The data below is to be written out exactly, with no pictures.

**Supplied material:**
BEGIN
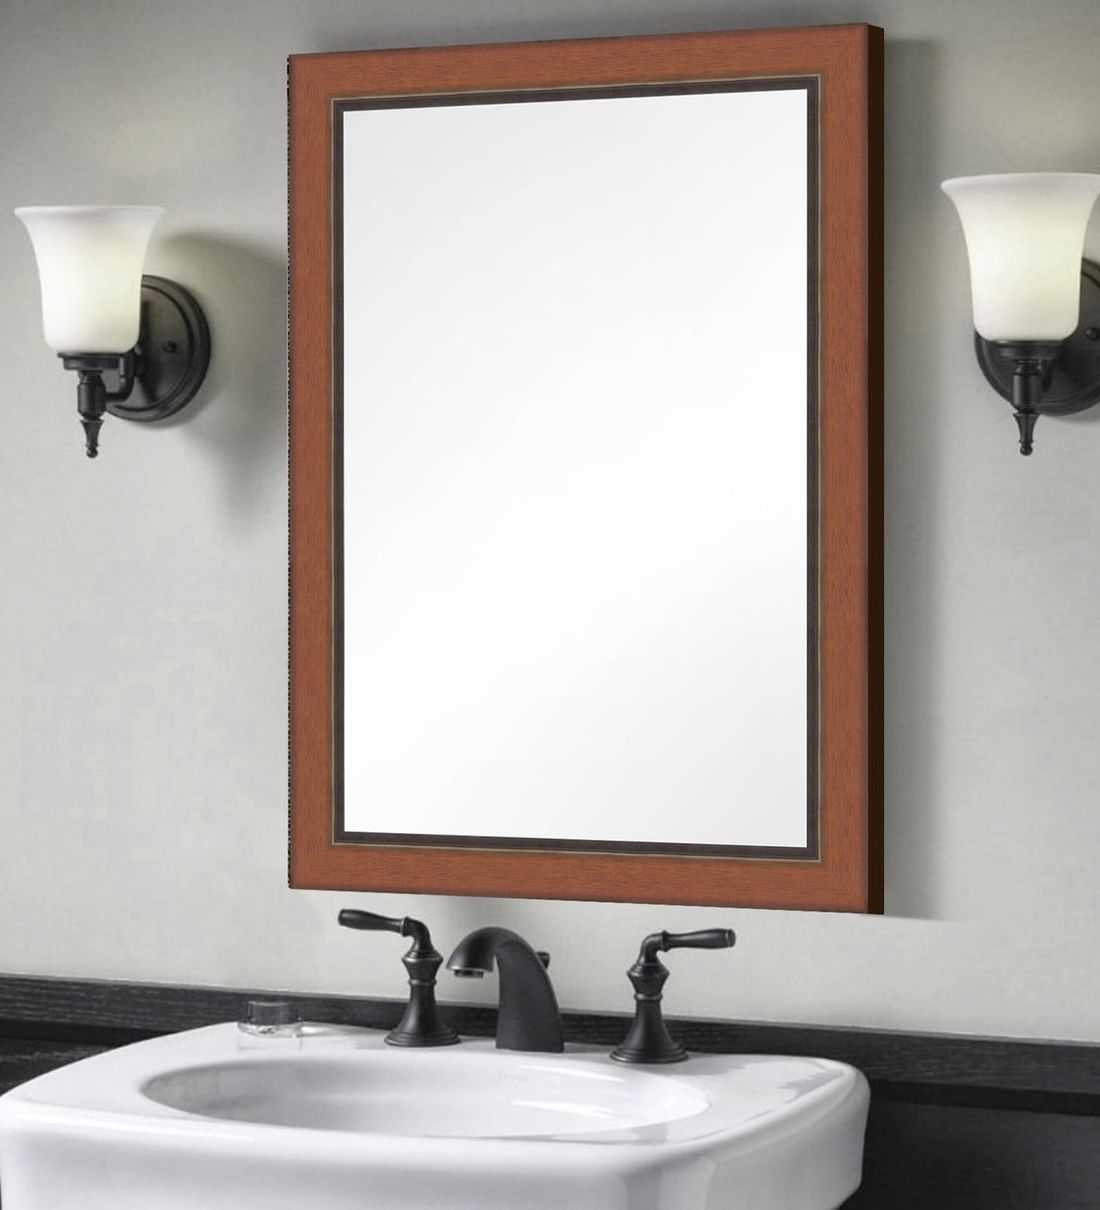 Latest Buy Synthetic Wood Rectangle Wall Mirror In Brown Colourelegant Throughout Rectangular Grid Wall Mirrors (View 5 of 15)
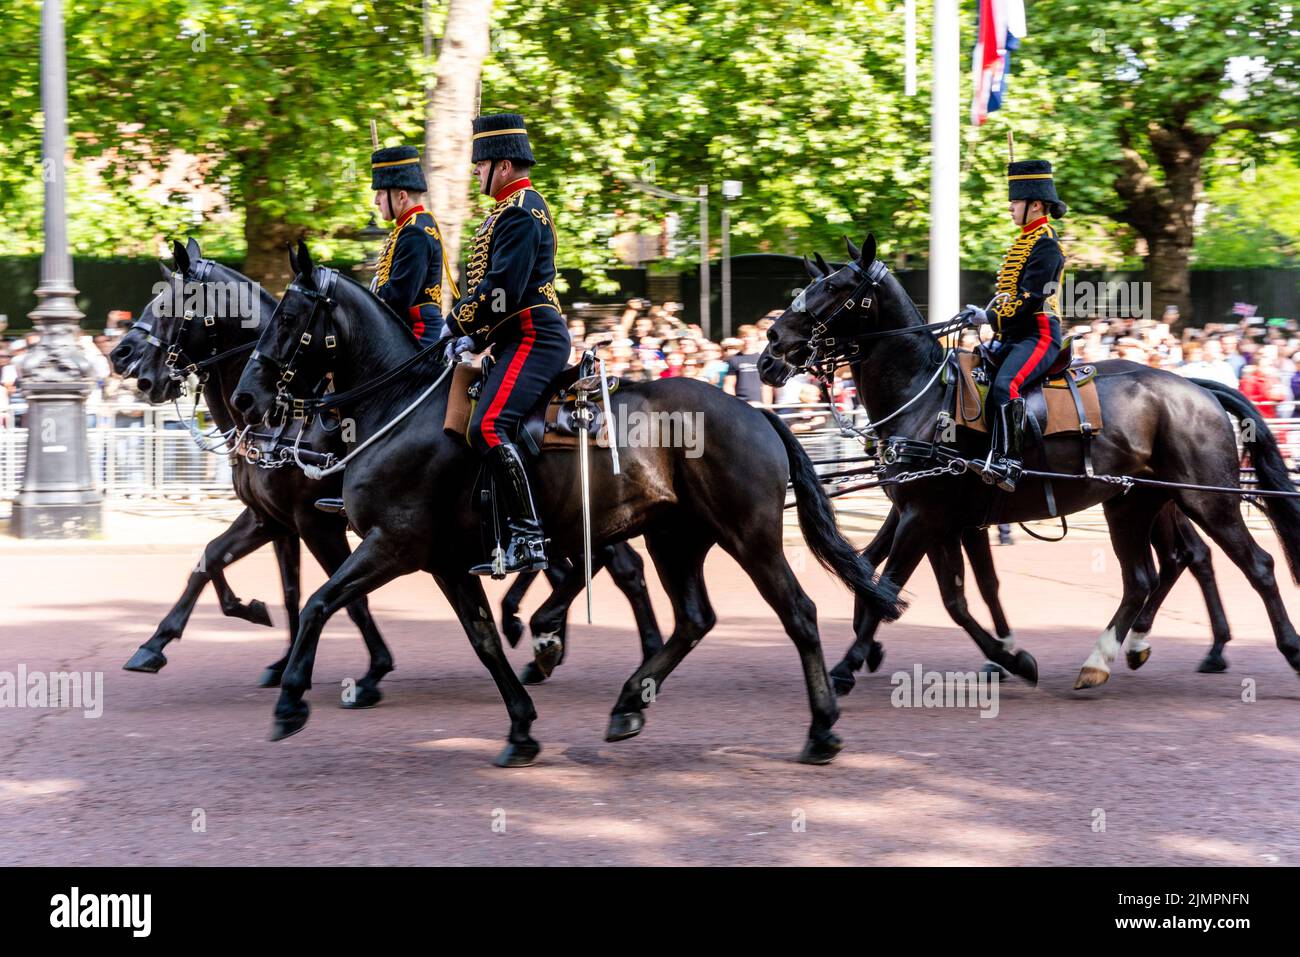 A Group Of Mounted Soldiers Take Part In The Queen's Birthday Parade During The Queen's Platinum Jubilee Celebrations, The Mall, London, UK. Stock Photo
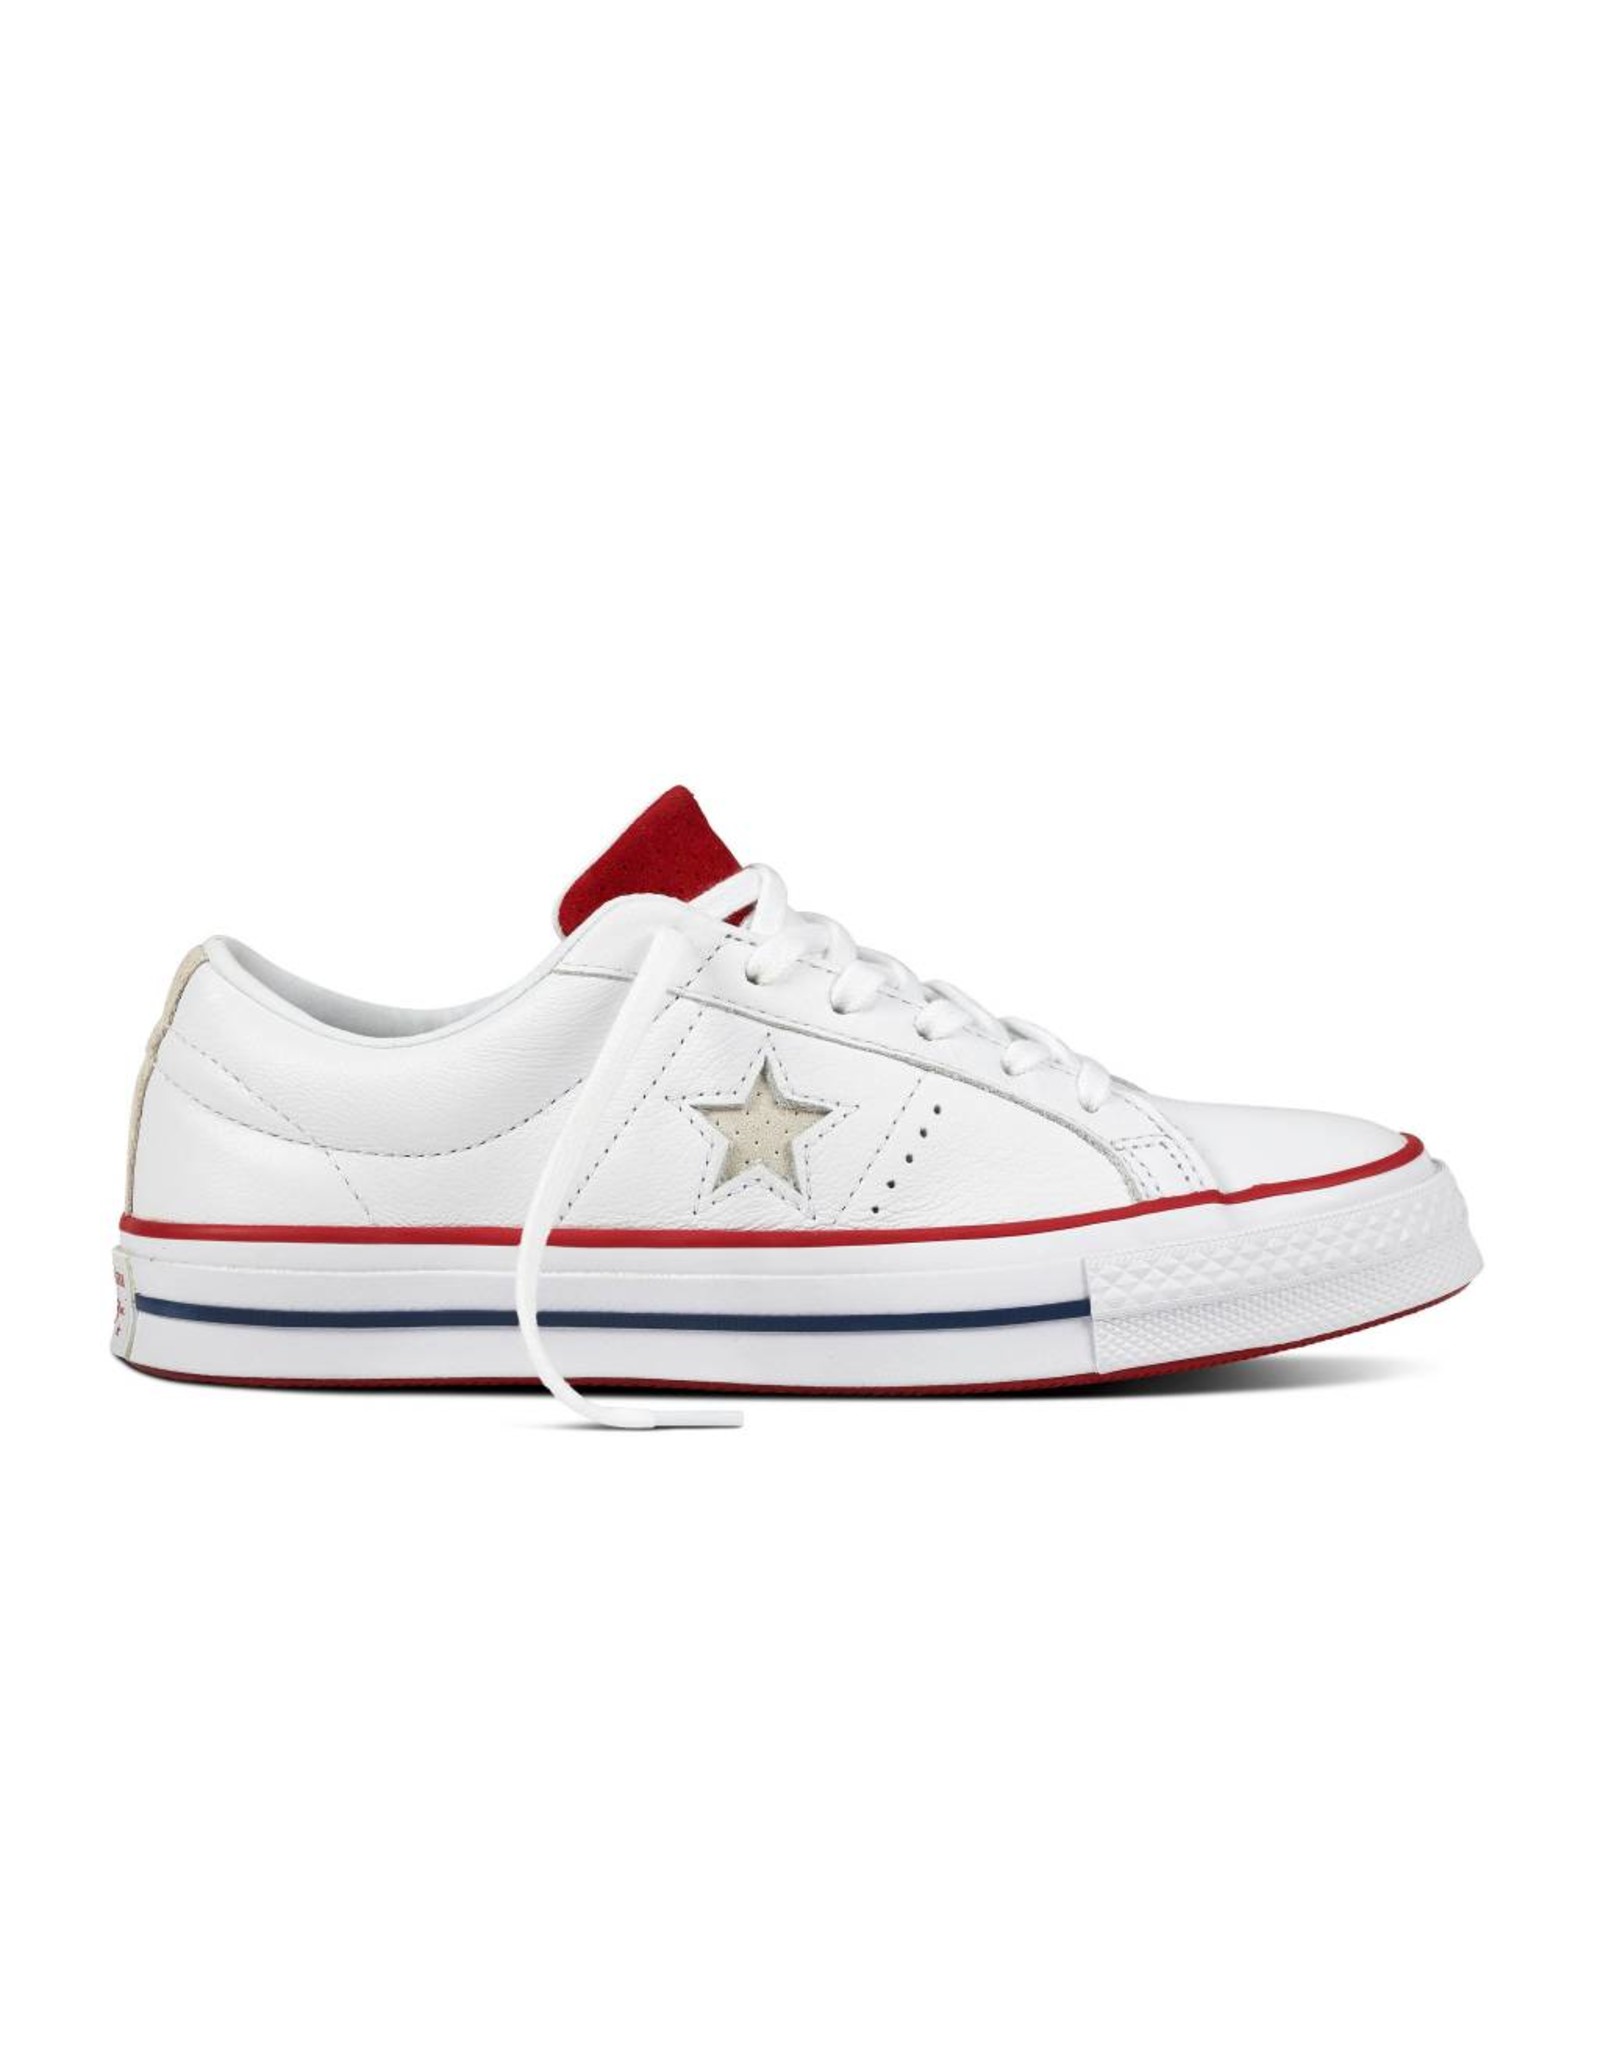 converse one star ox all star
END
**Answer to the exercise:**
 Latest Buy Synthetic Wood Rectangle Wall Mirror In Brown Colourelegant Throughout Rectangular Grid Wall Mirrors (View 5 of 15)
 A Group Of Mounted Soldiers Take Part In The Queen's Birthday Parade During The Queen's Platinum Jubilee Celebrations, The Mall, London, UK. Stock Photo
 converse one star ox all star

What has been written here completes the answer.